## YOUR OBJECTIVE:
Write back every line of the listing exactly, excluding images.

## SOURCE DATA:
==*==

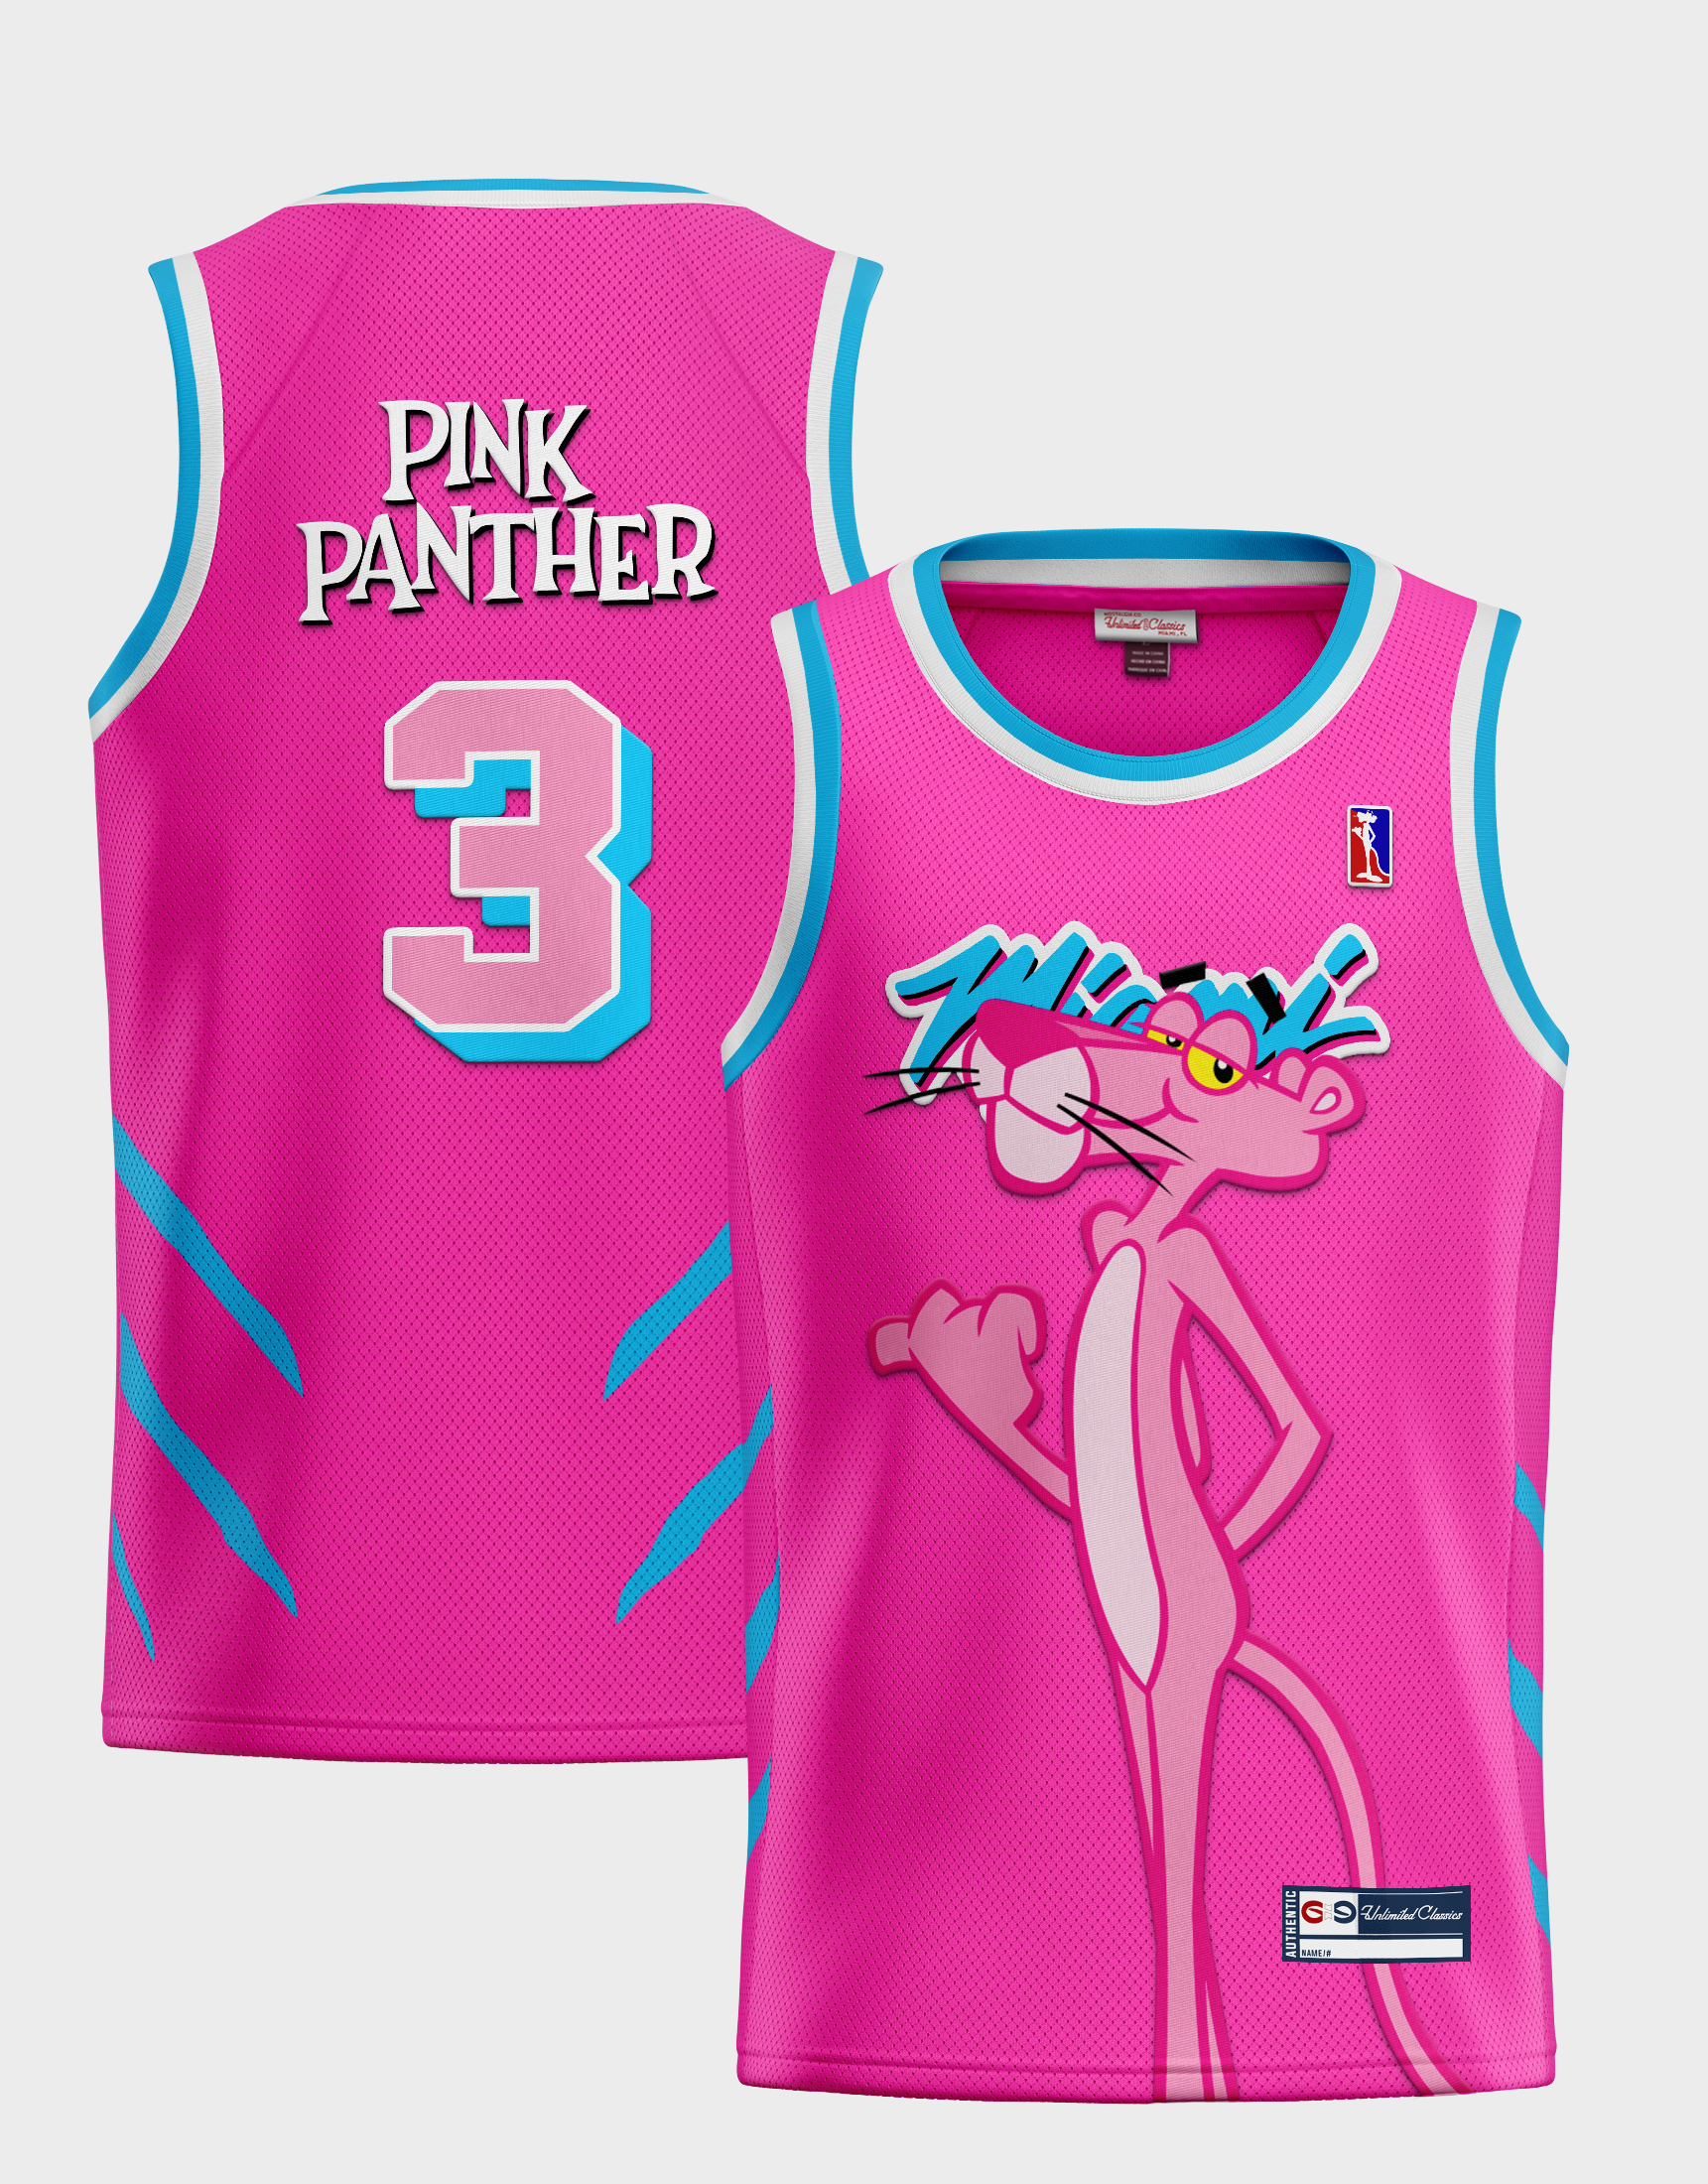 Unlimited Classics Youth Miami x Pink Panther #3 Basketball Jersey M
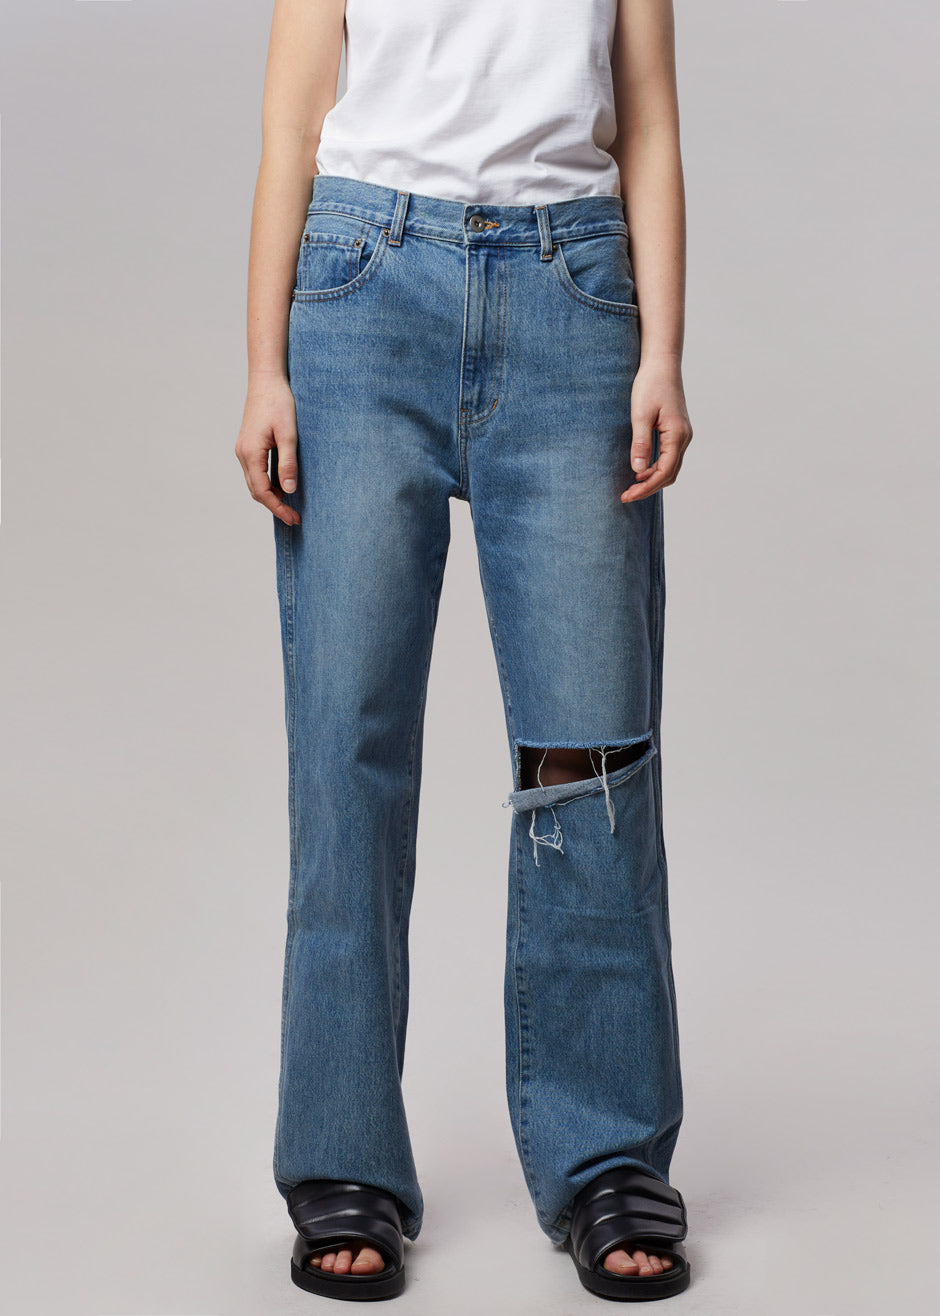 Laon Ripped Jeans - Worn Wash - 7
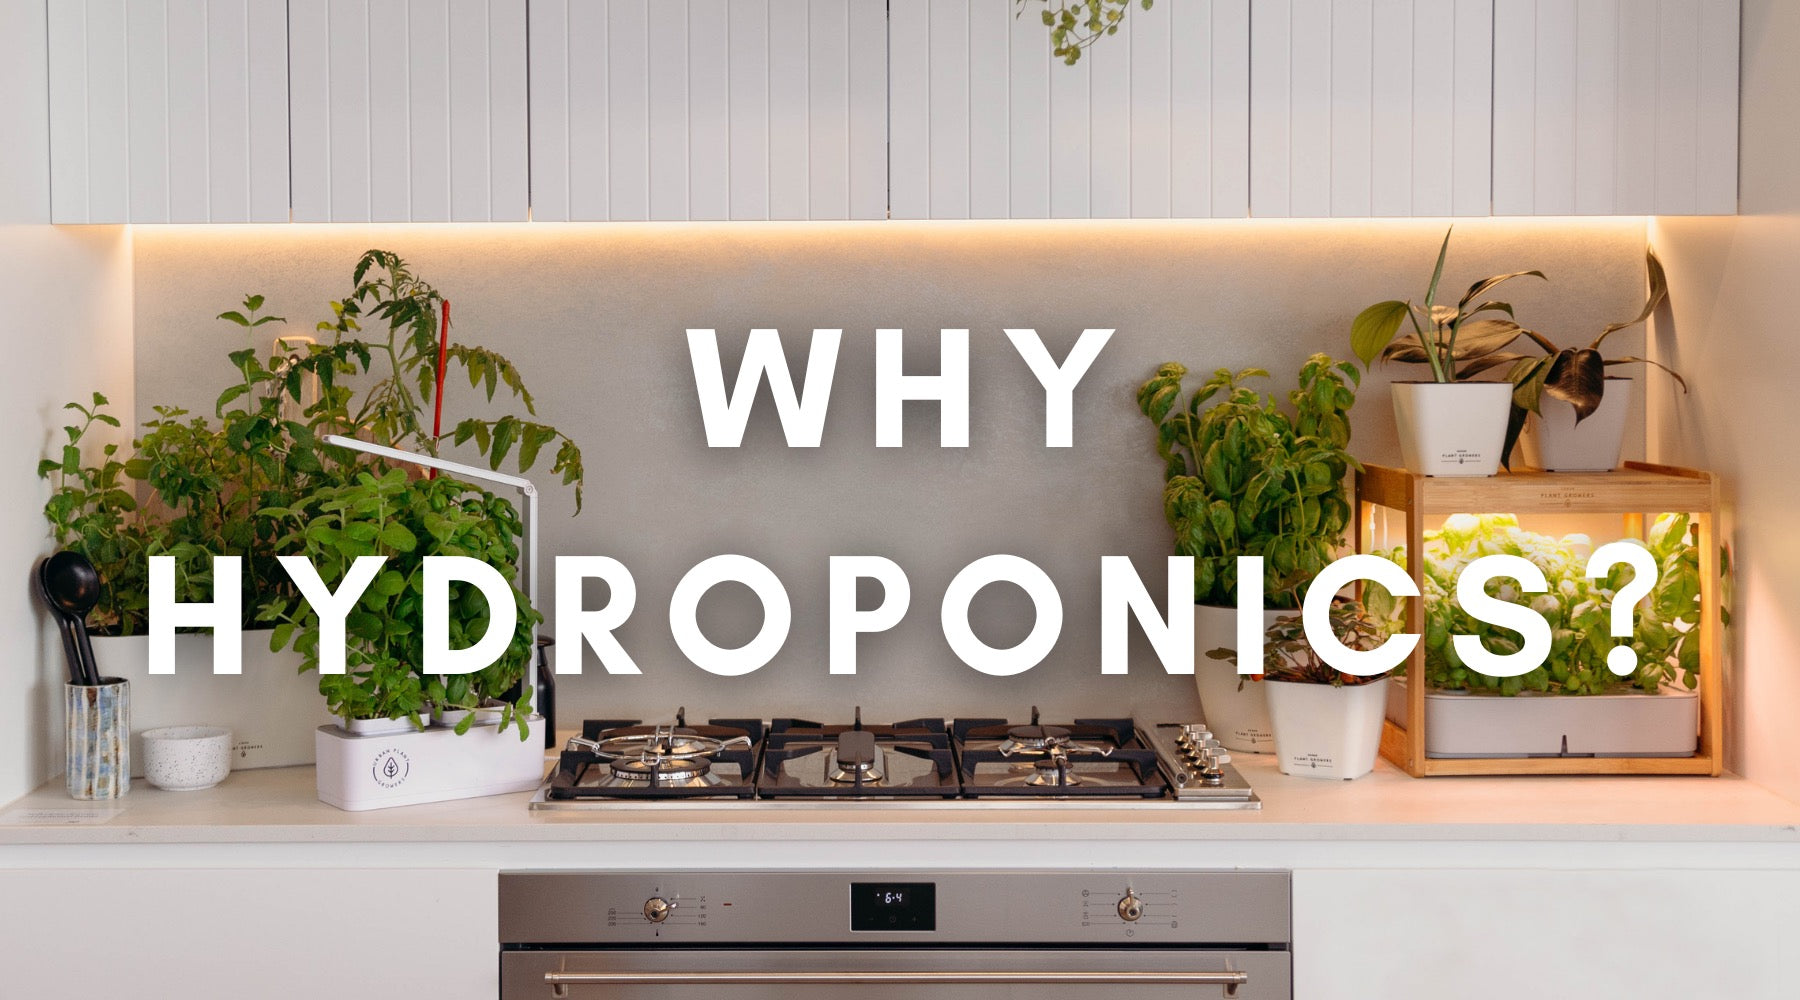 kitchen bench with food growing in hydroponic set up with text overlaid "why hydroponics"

==*==

## RESPONSE BELOW:
 Unlimited Classics Youth Miami x Pink Panther #3 Basketball Jersey M
 Laon Ripped Jeans - Worn Wash - 7
 kitchen bench with food growing in hydroponic set up with text overlaid "why hydroponics"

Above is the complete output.